Reprint the lines below as they are, minus the pictures.

Data block: Begin

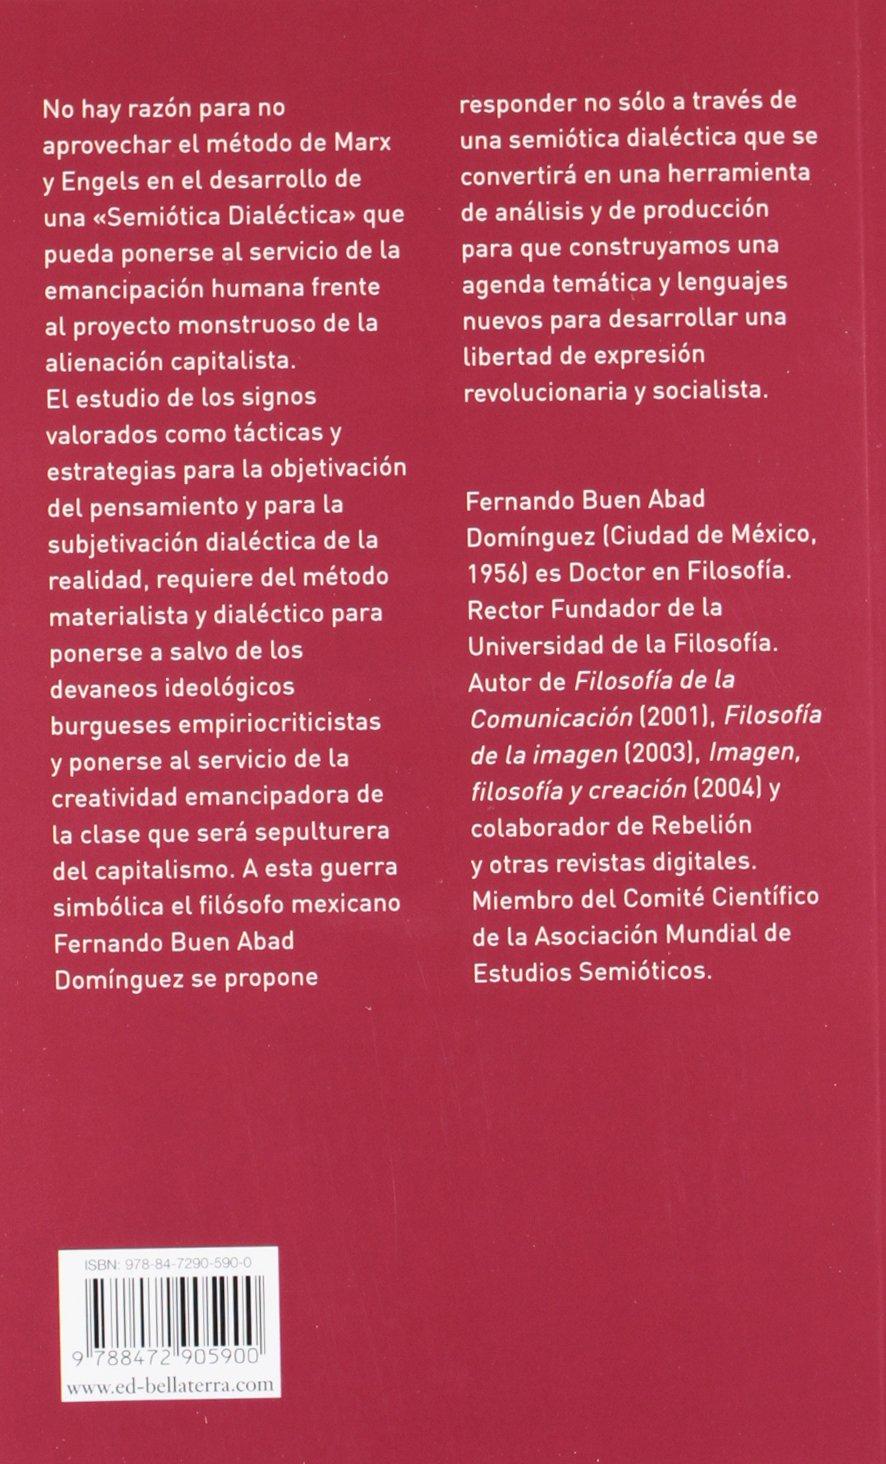 La guerra simbólica: Fernando Buen Abad Domínguez ...
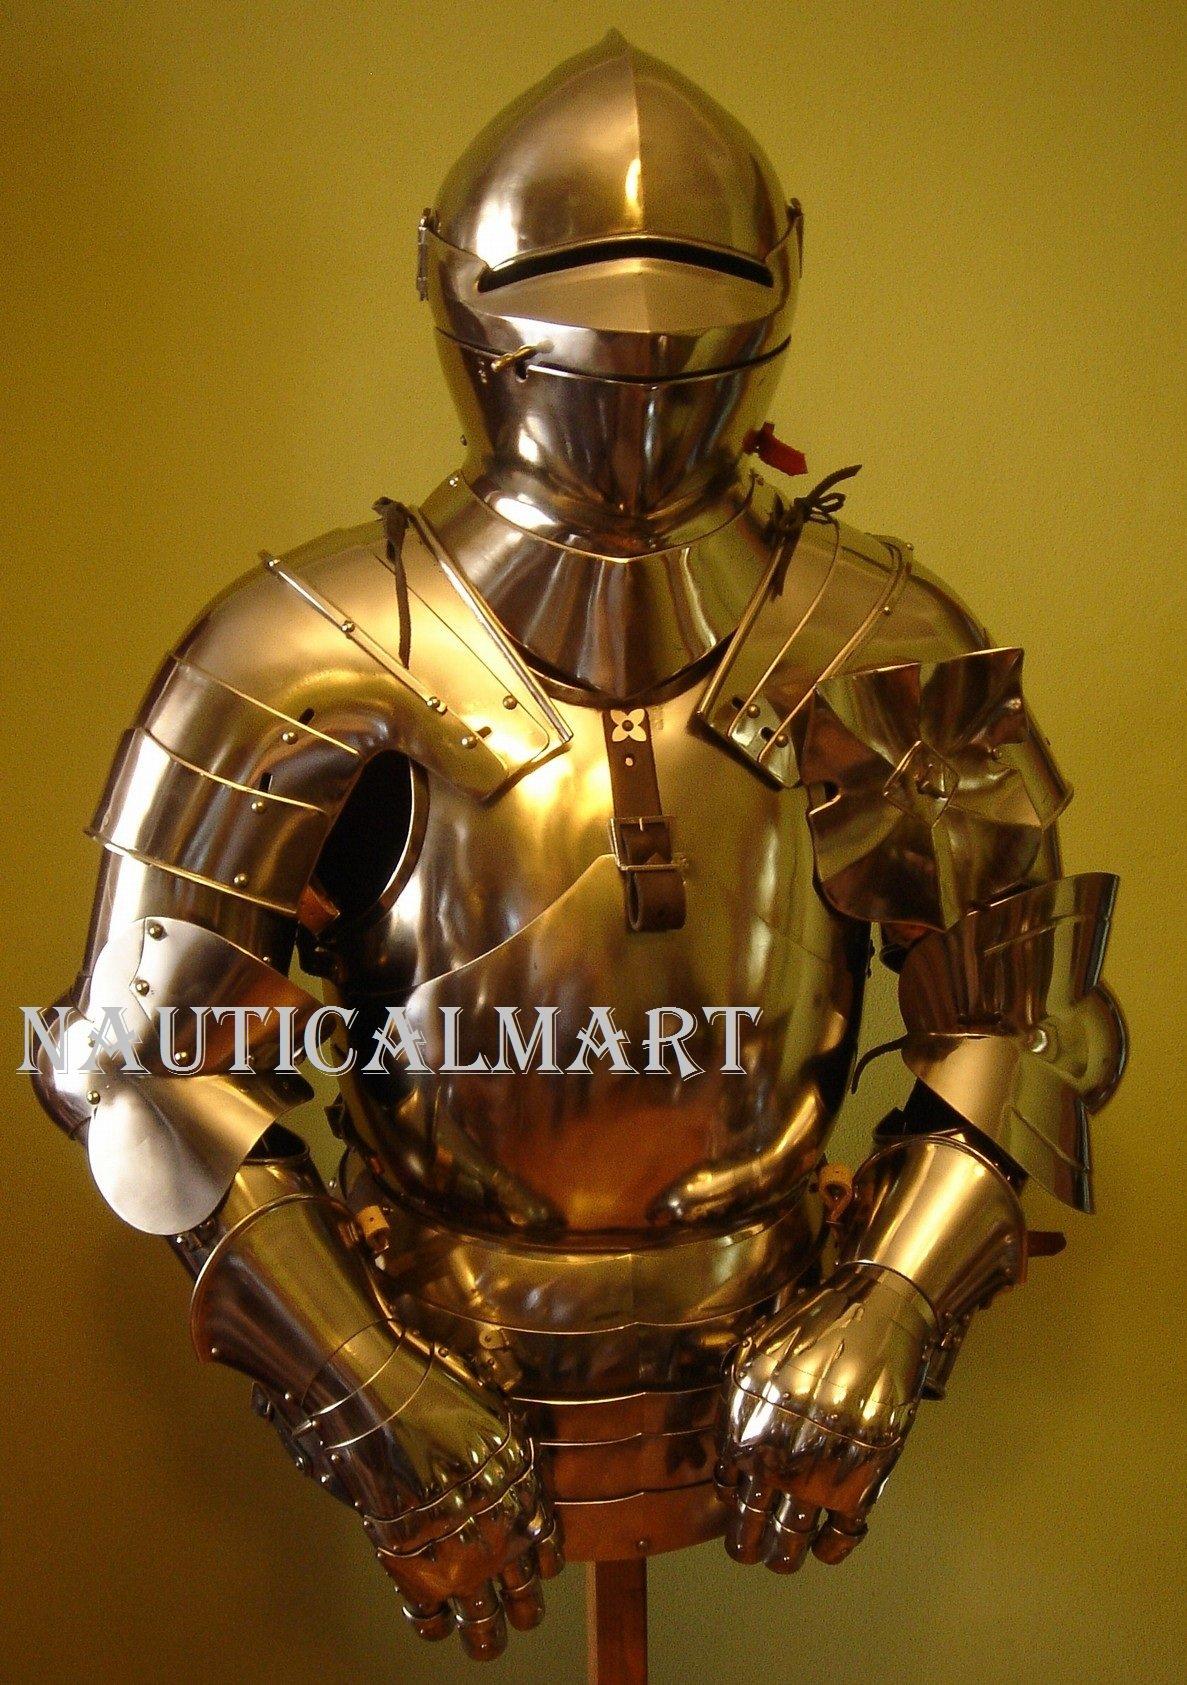 Armor Costume Steel Medieval Suit of Armor Breastplate with Helmet
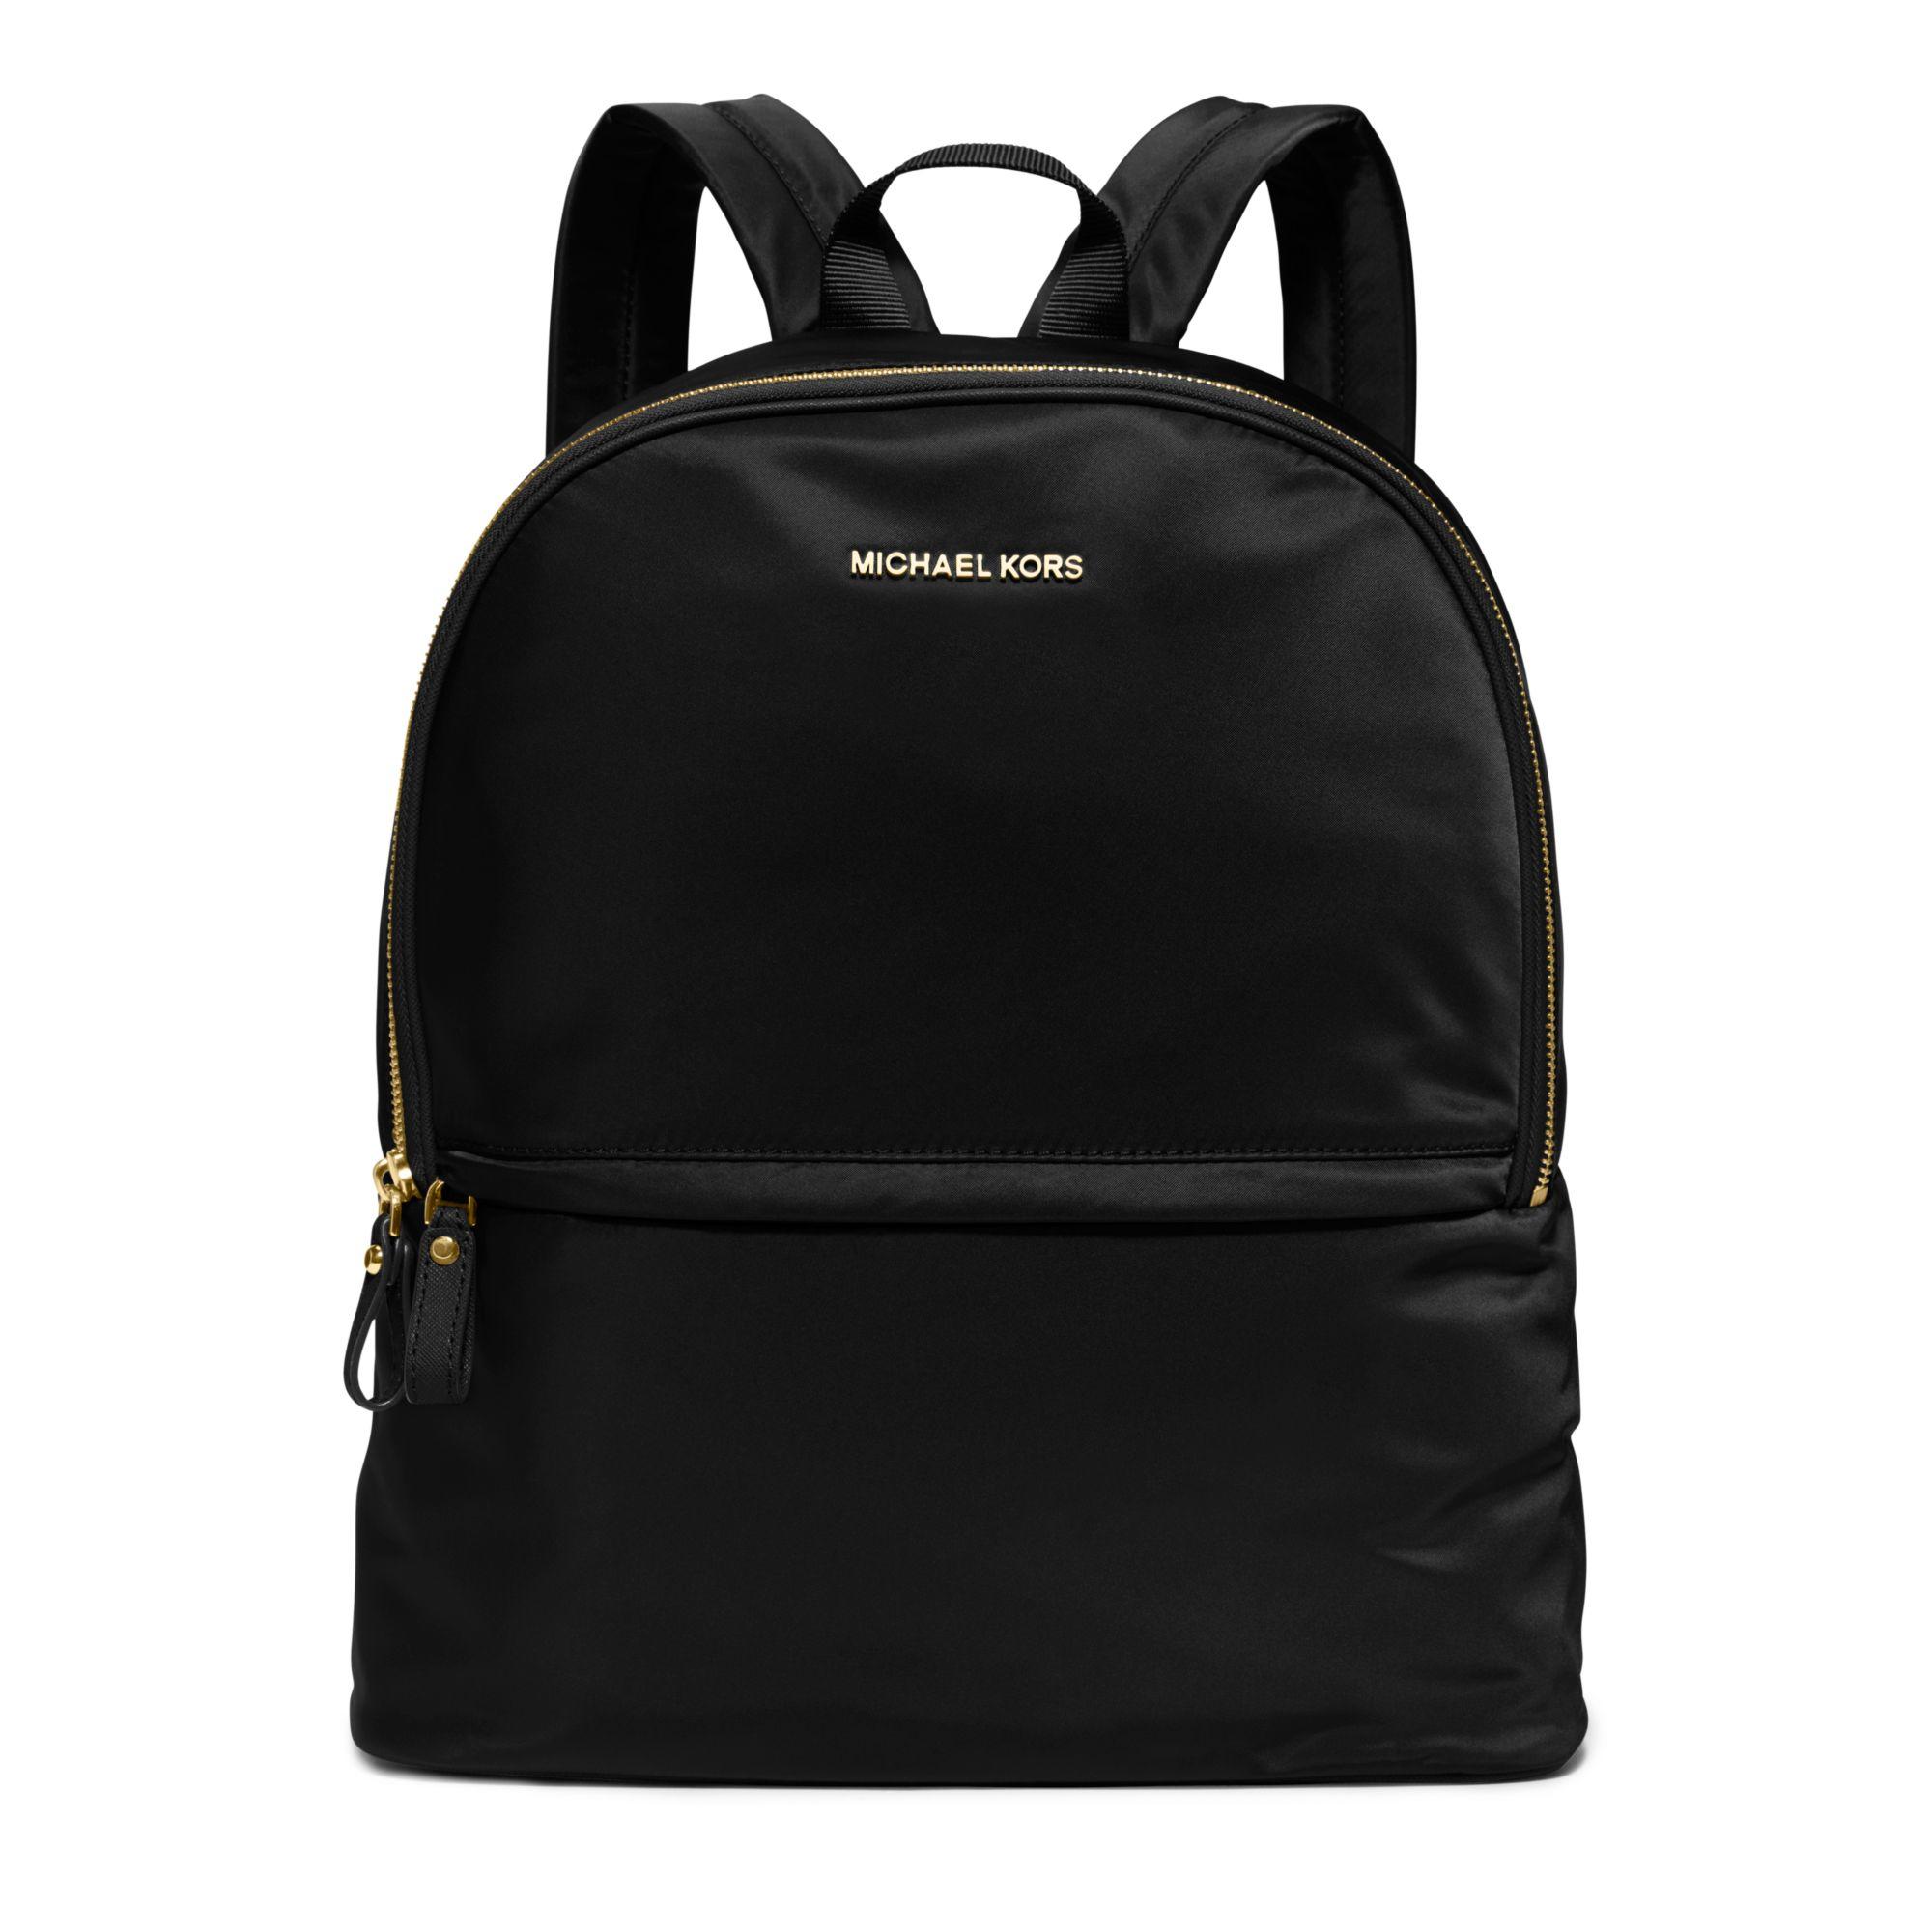 6d5ca36bf261 ... Michael kors Kieran Large Nylon Backpack in Black Lyst ...

Data block: End

▸ **Result below**:
 La guerra simbólica: Fernando Buen Abad Domínguez ...
 Armor Costume Steel Medieval Suit of Armor Breastplate with Helmet
 6d5ca36bf261 ... Michael kors Kieran Large Nylon Backpack in Black Lyst ...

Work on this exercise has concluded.